China appears to be preparing to ramp up its involvement in Afghanistan as US troops complete their final withdrawal — with Beijing eyeing the war-torn nation for investment and influence opportunities.
Beijing has been vocal, especially in recent weeks, in slamming the United States for pushing forward with its troop withdrawal, citing the deteriorating situation on the ground. Still, it had not made any public commitments regarding a response.
Kabul authorities, the Daily Beast reported Sunday, have become much more deeply engaged with Chinese leaders as the two work toward a deal to invest in Afghanistan’s infrastructure through China’s international “Belt and Road Initiative.”
The trillion-dollar program has funded multiple projects — generally focusing on hard infrastructure like airports, roads and seaports — throughout Asia, Africa, and the Middle East.
It has been used by the Chinese Communist Party to grow its influence by providing infrastructure loans to poorer countries in return for control over local resources.
Citing a source close of the Afghan government, the outlet reported that the deal would extend the $62 billion China-Pakistan Economic Corridor, a flagship project of the Beijing-led initiative.
The project has included the construction of highways, railways and energy pipelines that reach to Afghanistan.
Speaking to the outlet, another source said the construction of a major road between Afghanistan and Peshawar, a city in northwestern Pakistan, is one of the specific projects on the table.
“There is a discussion on a Peshawar-Kabul motorway between the authorities in Kabul and Beijing,” the source said, “Linking Kabul with Peshawar by road means Afghanistan’s formal joining of CPEC.”
The US troop withdrawal from Afghanistan remains in motion, a process on which President Biden placed a Sept. 11 deadline.
Biden announced that deadline in April, offering US troops an additional four months from former President Donald Trump’s order to withdraw all troops from the nation by May 1.
In a speech explaining his decision, the US president argued that the US had achieved its goal of bringing Osama bin Laden to justice and destroying al Qaeda, his terror network, a contention that many progressives and a growing number of Republicans support.
Critics of the move have cautioned that it could lead to the creation of a new ISIS, as President Barack Obama’s decision to withdraw from Iraq did in 2011.
Last month, Chinese Foreign Ministry spokesman Zhao Lijian confirmed that China and Afghanistan were having discussions on a CPEC extension, though he declined to discuss the matter in detail.
His boss, Chinese Foreign Minister Wang Yi, ridiculed the US this past Saturday over its handling of the Afghanistan withdrawal, calling Americans “the origin of problems in Afghanistan.”
As a result, Wang argued, the US “should be responsible for making sure the transition in the country will be stable.
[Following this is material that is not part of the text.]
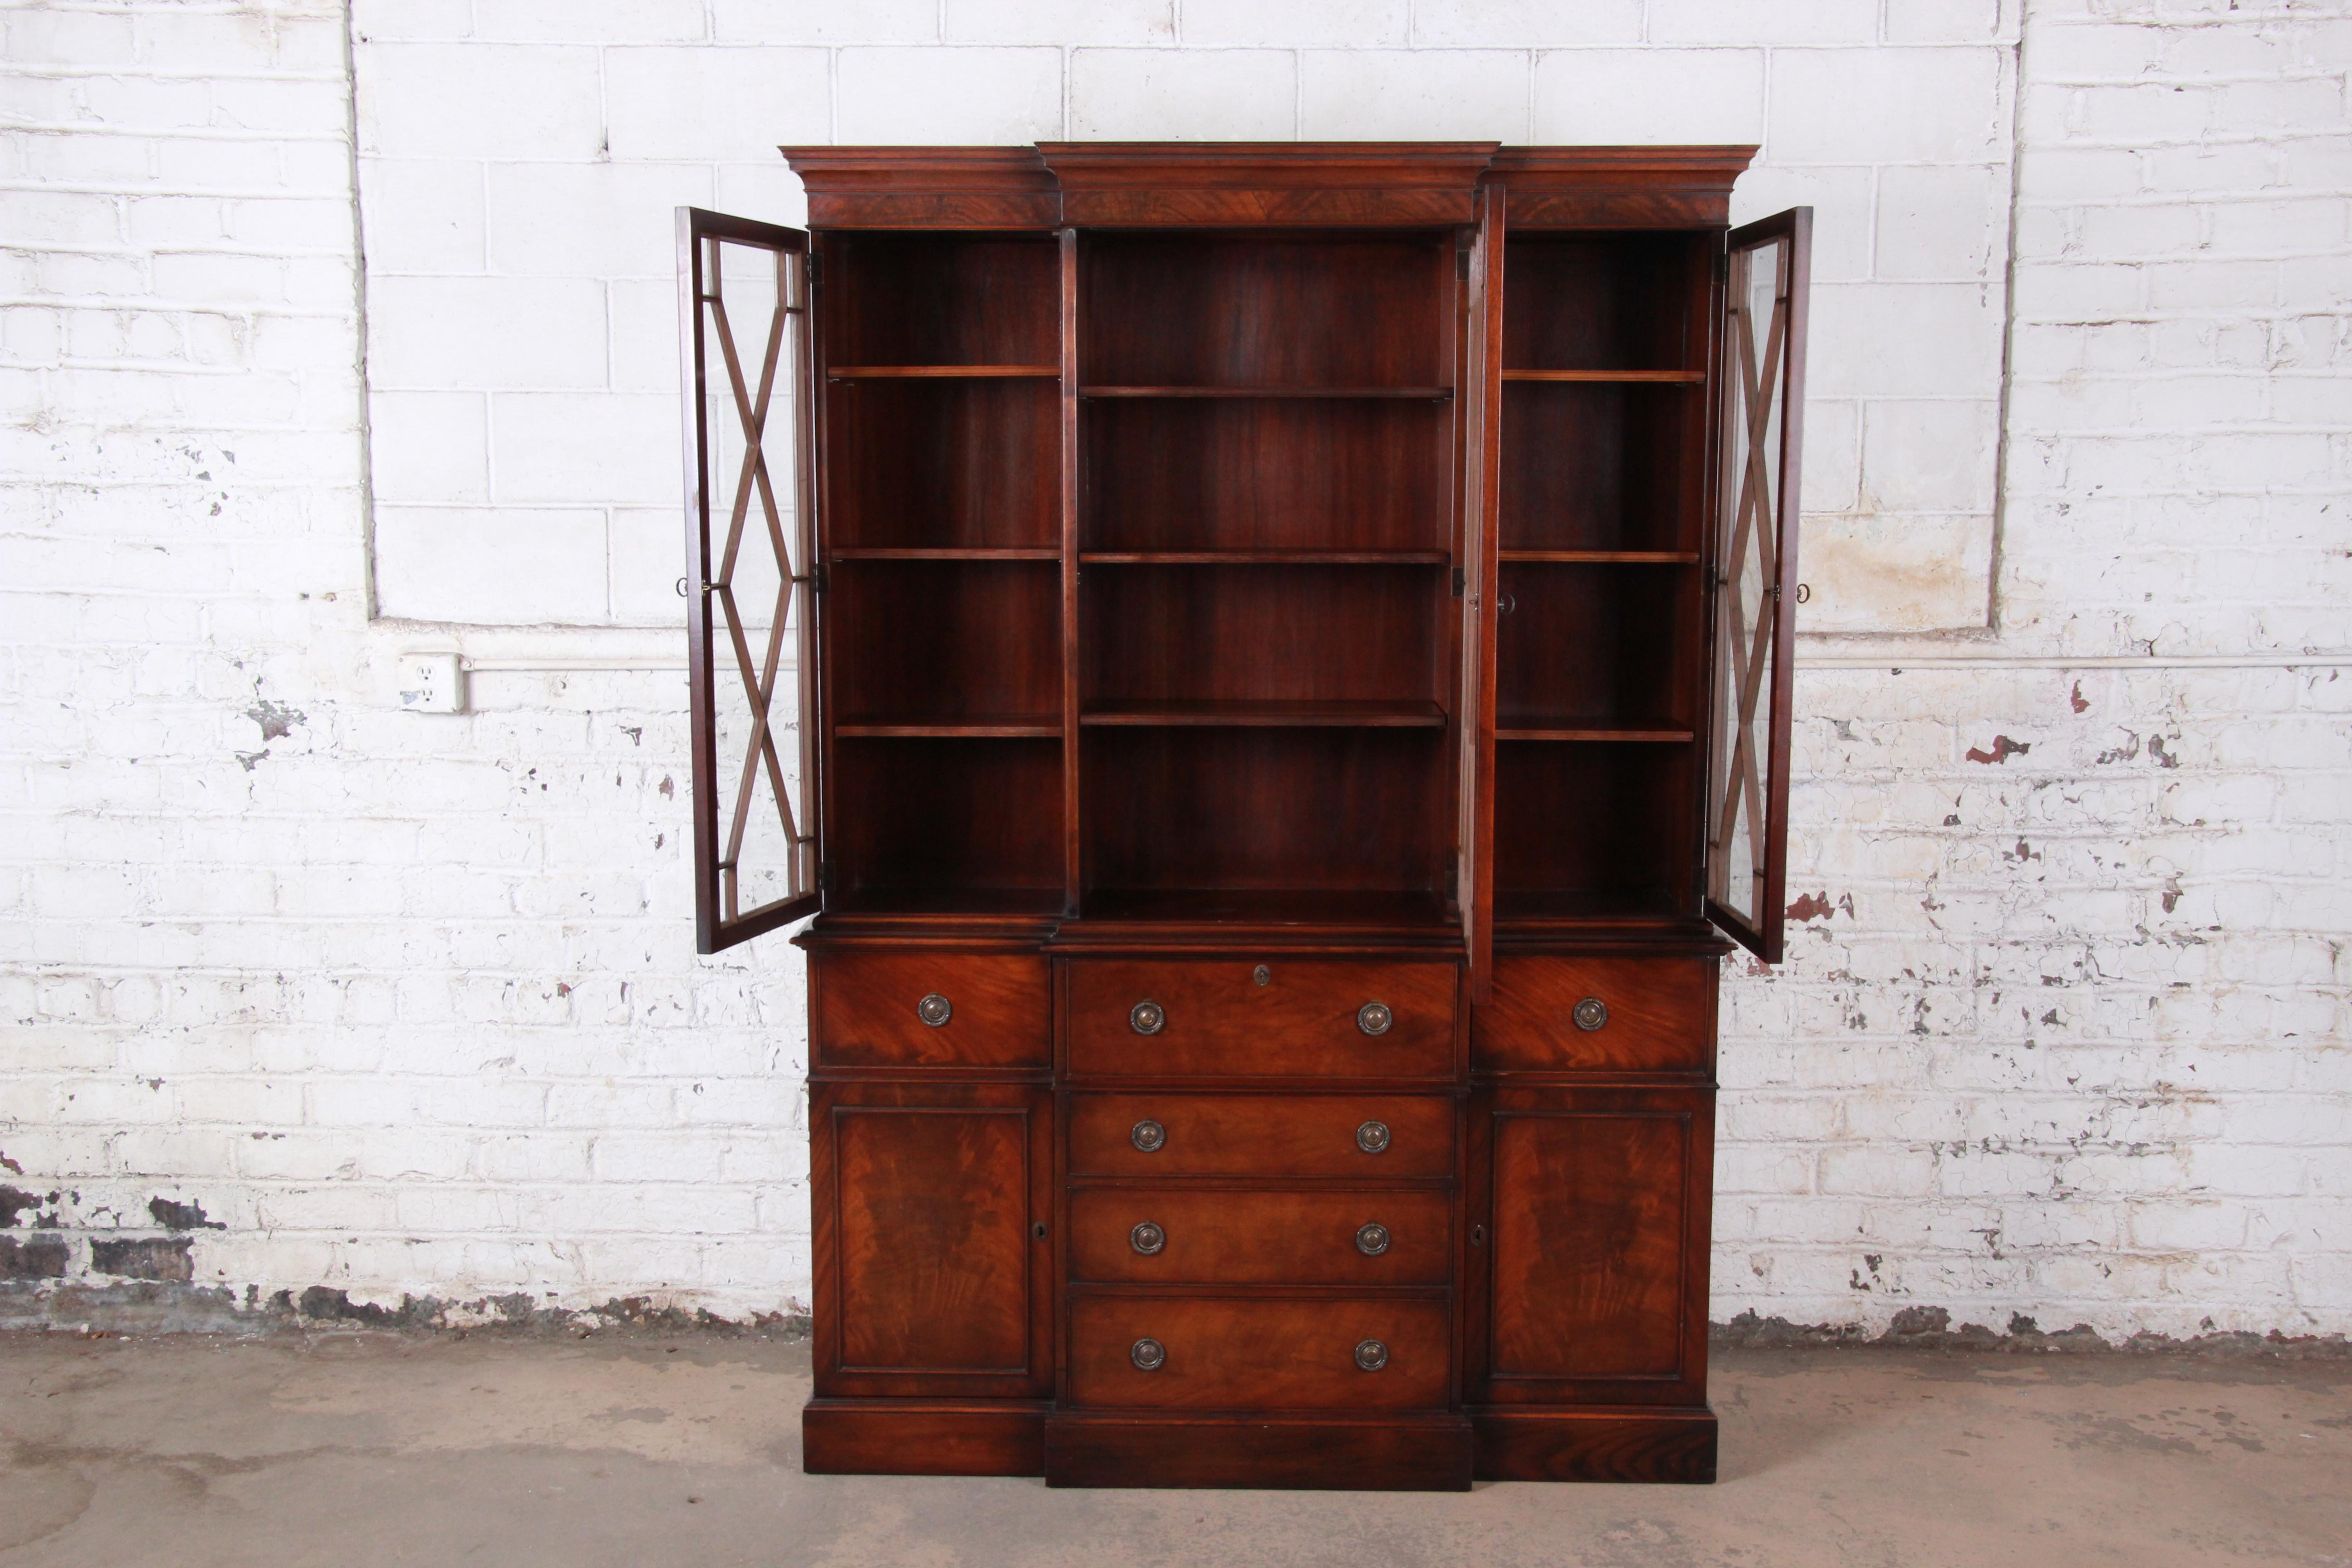 British Colonial Baker Furniture Mahogany Breakfront Bookcase Cabinet with Secretary Desk, 1940s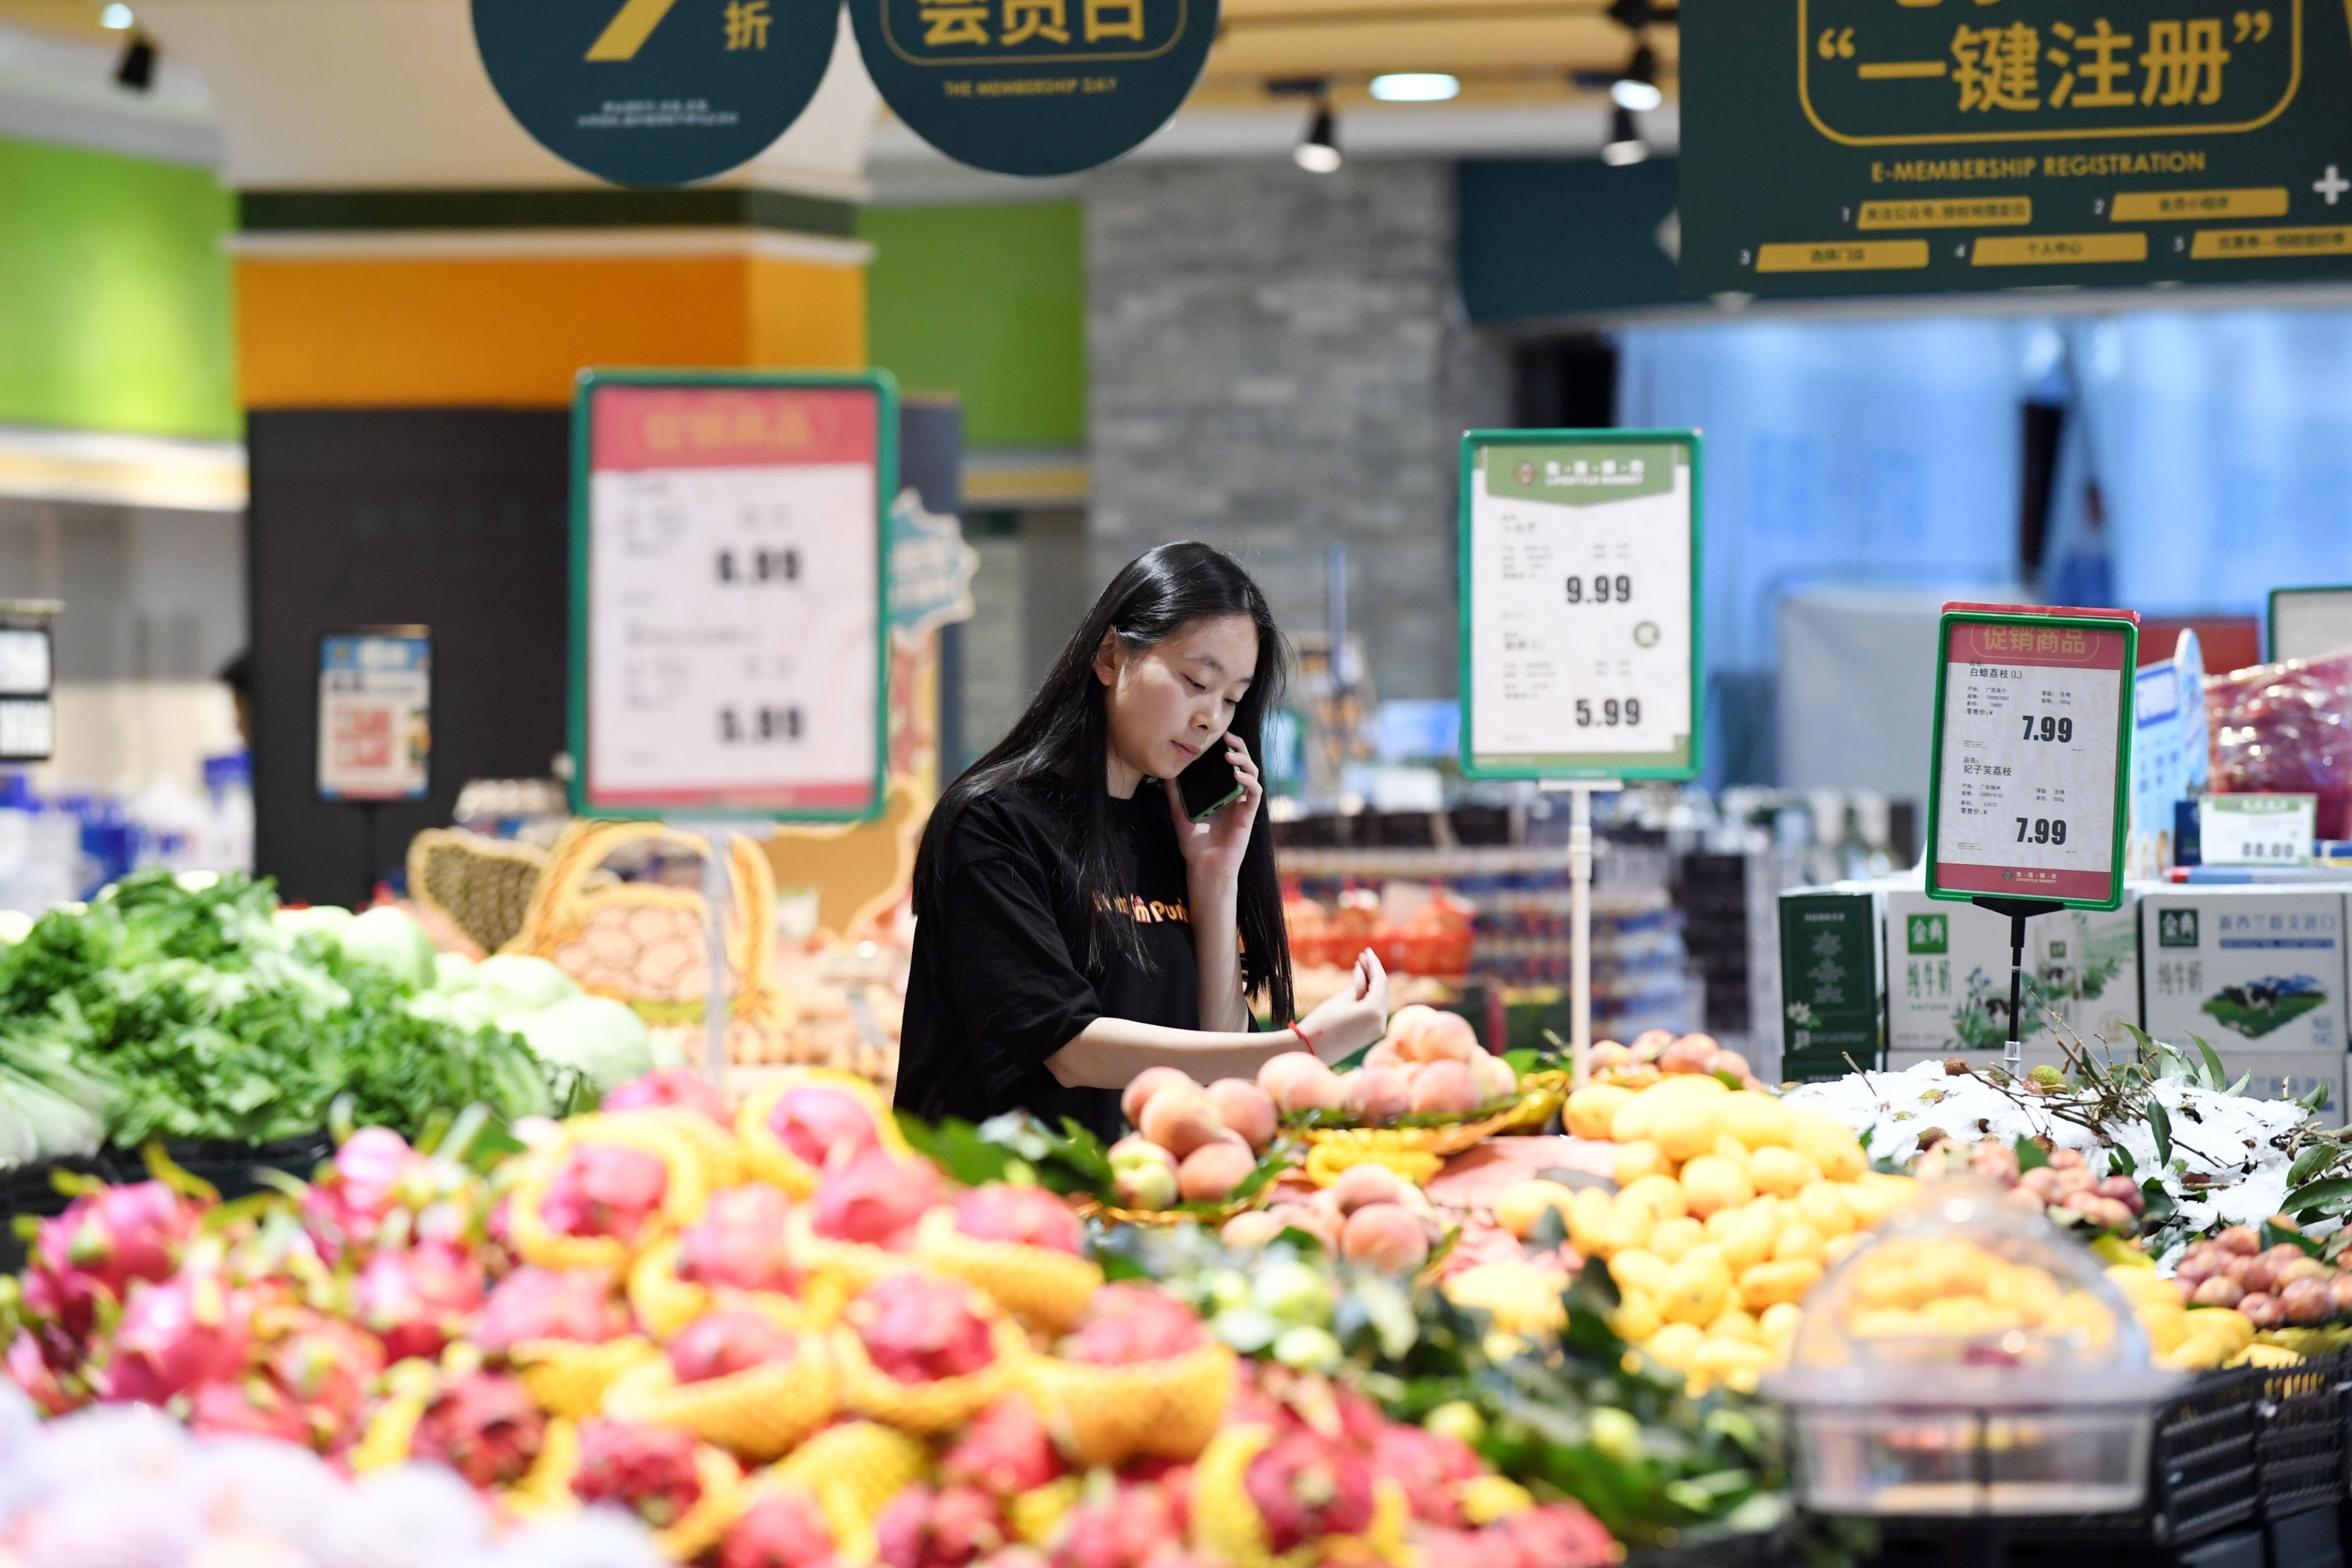 A customer at a supermarket in Renhuai, Guizhou province, on June 9. In taking over grocery shopping and other household chores, “full-time children” are finally having down-to-earth experiences. Photo: Xinhua

The US cannot evade responsibility, and cannot cause instability or war by withdrawing troops.”
“As friendly neighbors that share the flow of mountain ranges and rivers, China is determined to support the peaceful transition in Afghanistan,” he continued, going on to say that the US was not a “defender” of the Afghan people.
The two Beijing officials were far from the only ones to speak ill of the United States with regard to Afghanistan.
Zhang Jun, China’s permanent representative to the United Nations, its equivalent of an ambassador, decried the deteriorating situation in Afghanistan while speaking to a UN body last Tuesday.
“Despite the significant progress made in international counter-terrorism cooperation, the world remains confronted with tangible threats of terrorism,” Zhang told the group.
“ISIS is very active in Iraq and Syria, and the withdrawal of foreign troops has led to a sharp deterioration in the security situation in Afghanistan, with terrorist forces such as Al Qaeda, ISIS and the East Turkestan Islamic Movement waxing strong and wreaking havoc.”